2 De feiten en het geding in feitelijke instantie

2.1

De Rechtbank heeft de feiten, waarvan in cassatie kan worden uitgegaan, als volgt vastgesteld:

2.1.

Eiser is geboren [in] 1966, heeft de Nederlandse nationaliteit en heeft tot 5 januari 1992, kort na het afronden van zijn studie, in Nederland gewoond.

2.2.

In januari 1992 heeft eiser Nederland metterwoon verlaten. Hij is vanaf die tijd tot februari 2012 onafgebroken in Engeland respectievelijk de Verenigde Staten woonachtig en werkzaam geweest. Met ingang van 1 februari 2012 is eiser benoemd tot voorzitter van de Raad van Bestuur van [D] Holding AS in Noorwegen en trad hij formeel in dienst bij [E] Ltd, een in Engeland gevestigde vennootschap van [D] Holding AS. In de periode februari 2012 tot en met augustus 2012 was eiser werkzaam in Engeland en verbleef hij overwegend in Engeland en Noorwegen.

2.3.

Eiser en zijn echtgenote (die eveneens de Nederlandse nationaliteit heeft) beschikken over een permanente verblijfsvergunning (een zogenoemde "green card") voor de Verenigde Staten.

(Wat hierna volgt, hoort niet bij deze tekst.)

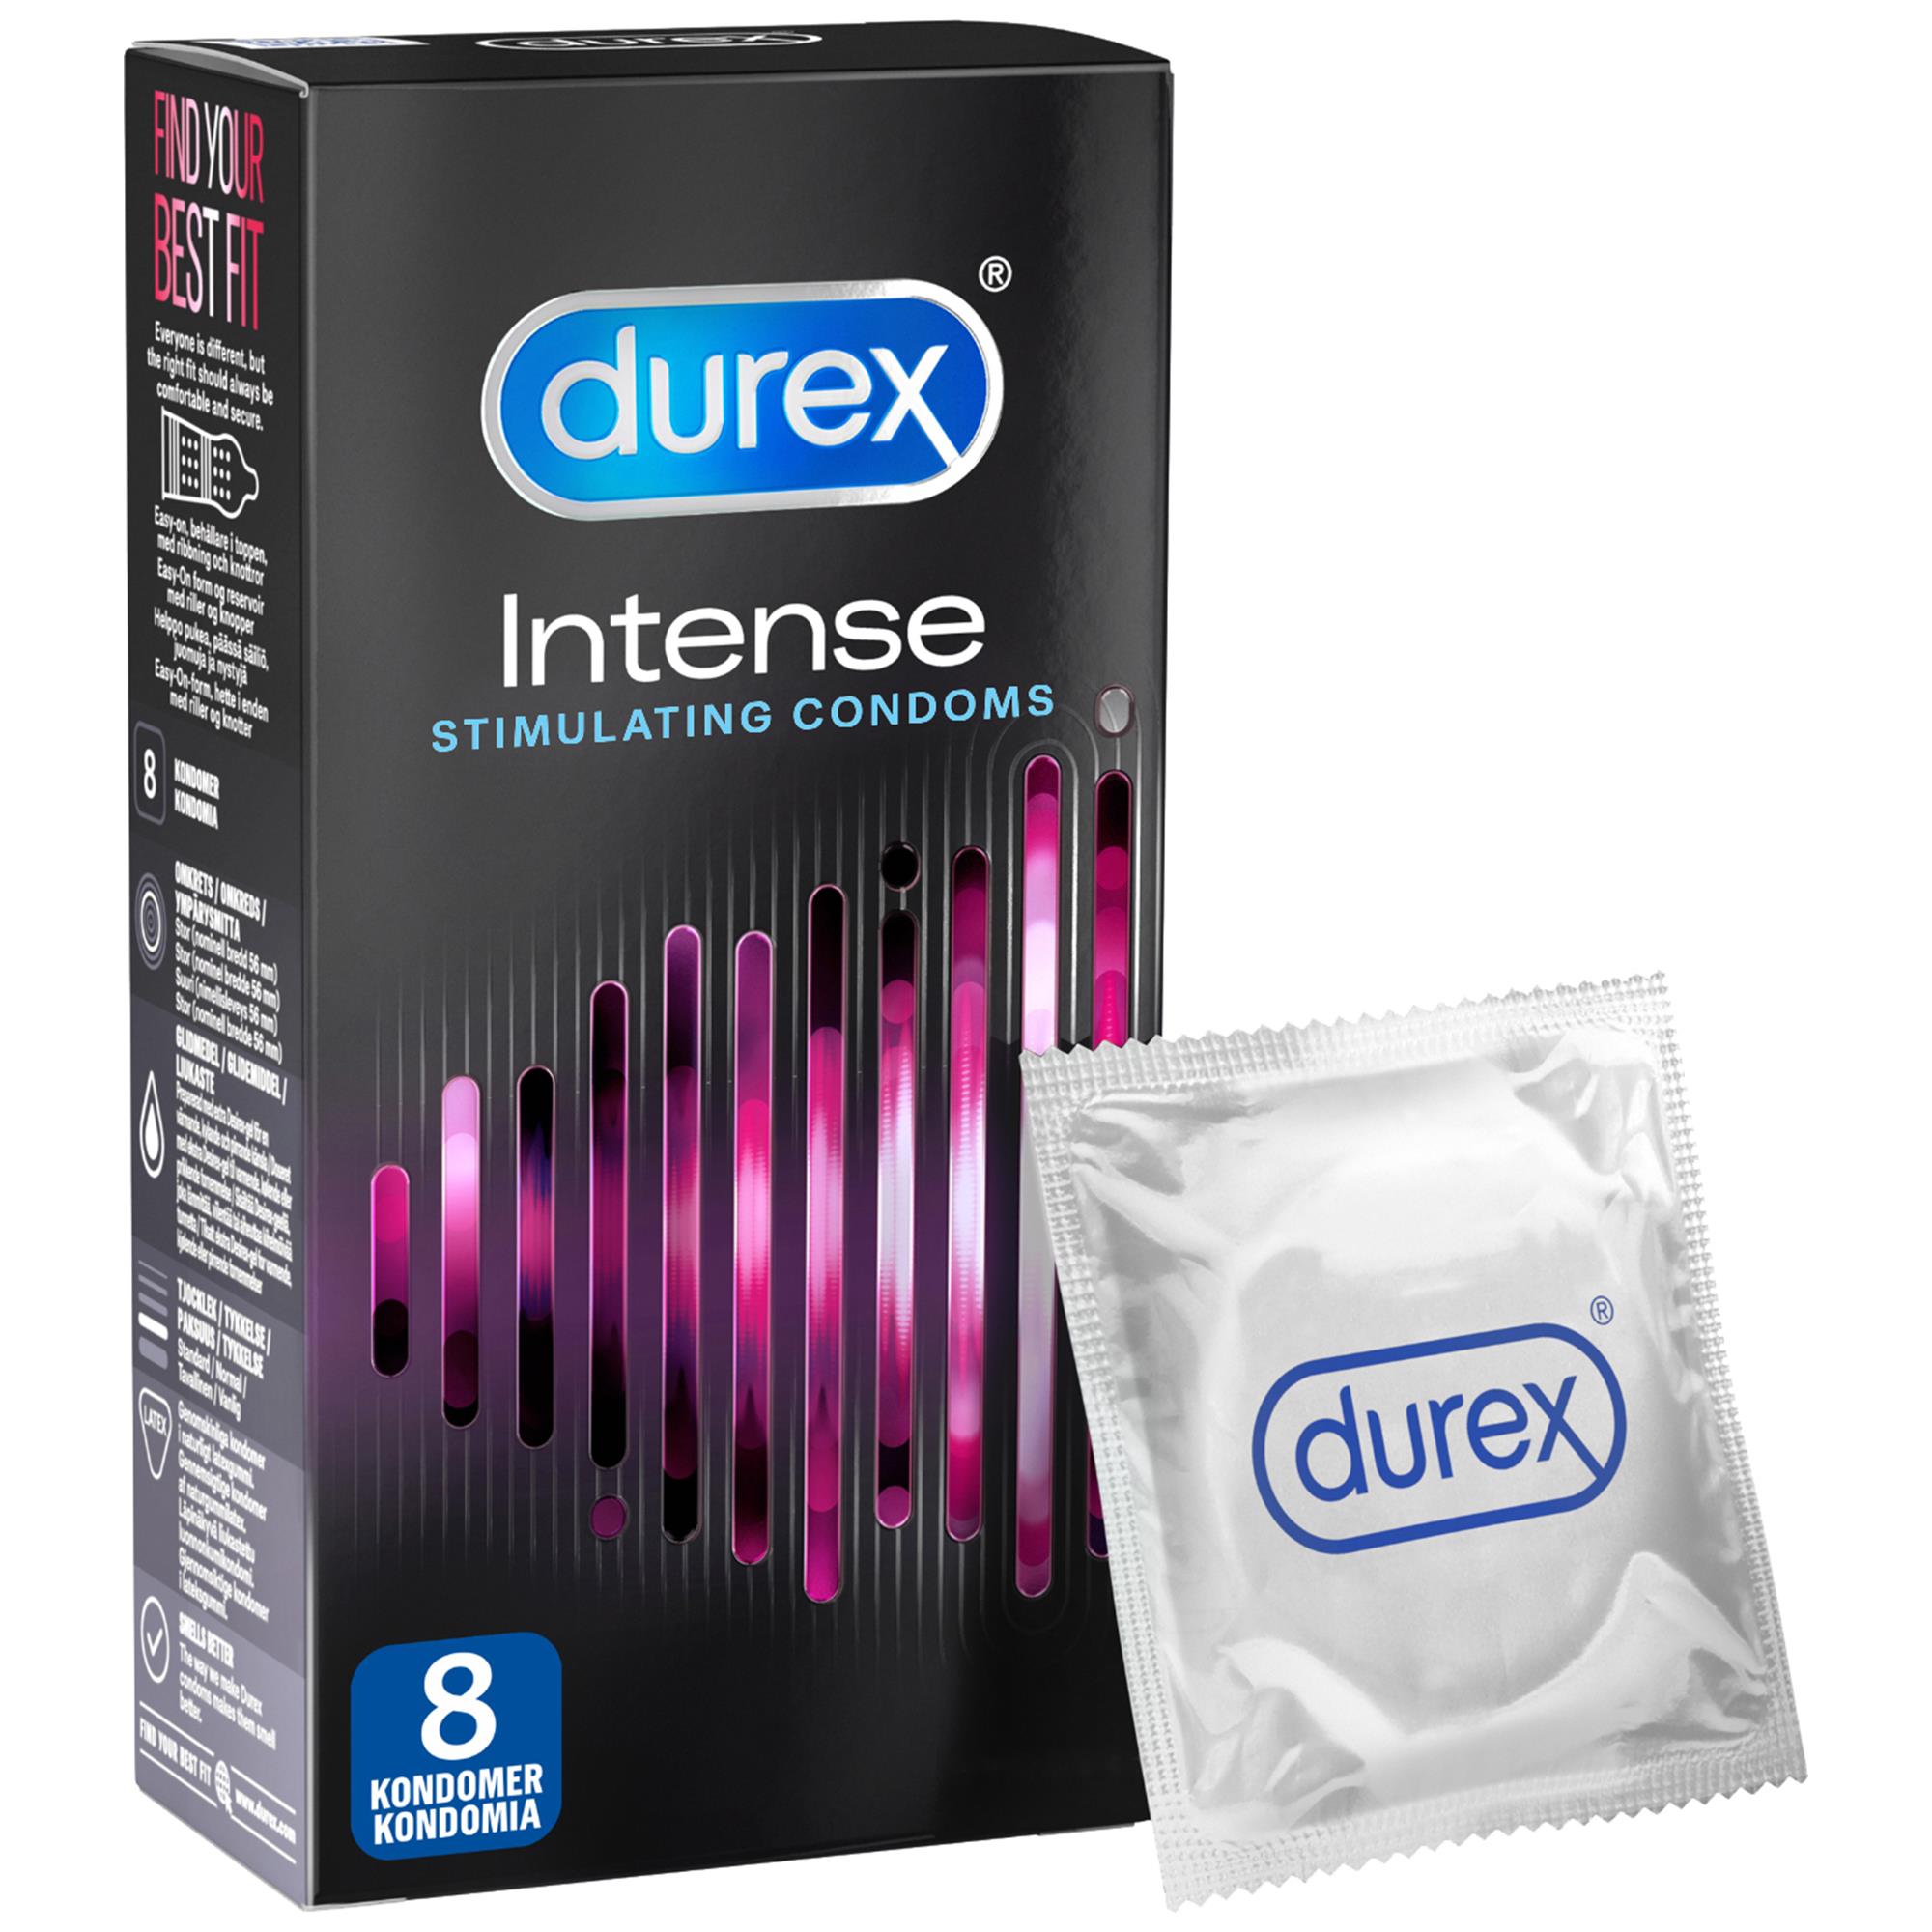 Durex Intense Kondom 8 st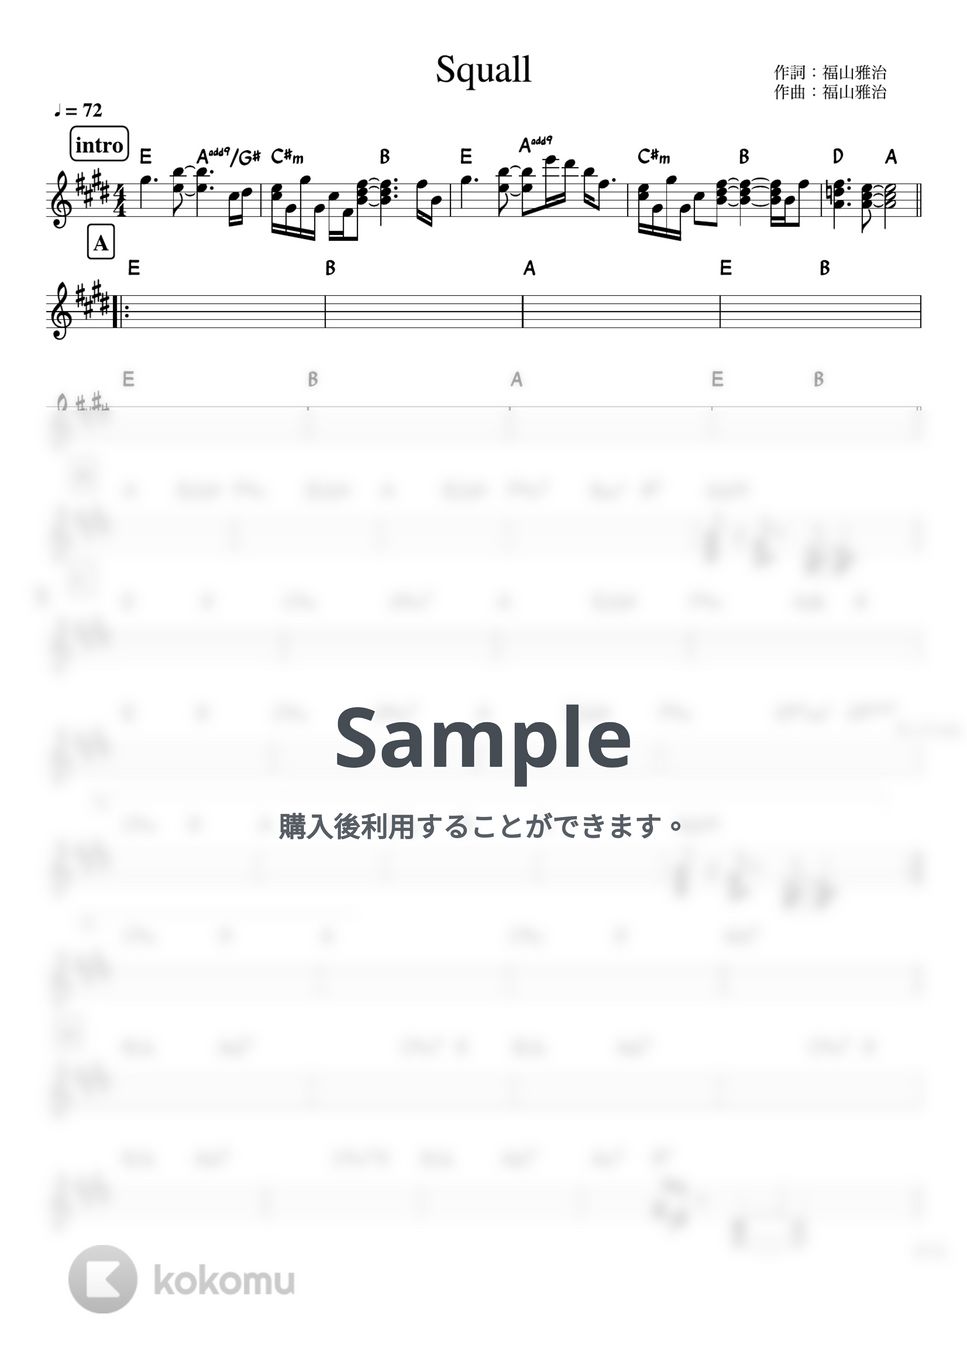 福山雅治 - Squall (バンド用コード譜) by 箱譜屋

De drie kinderen van eiser en zijn echtgenote zijn geboren in de Verenigde Staten en beschikken over zowel de Amerikaanse als de Nederlandse nationaliteit. De voertaal binnen het gezin is Engels.

2.4.

In het kader van de verplaatsing van het hoofdhuis van de [D] groep naar Nederland, is eiser per 4 juli 2012 benoemd als bestuurder van [F] Holding BV. Deze op 4 juli 2012 nieuw opgerichte vennootschap is de beoogde nieuwe tophoudster van de groep.

2.5.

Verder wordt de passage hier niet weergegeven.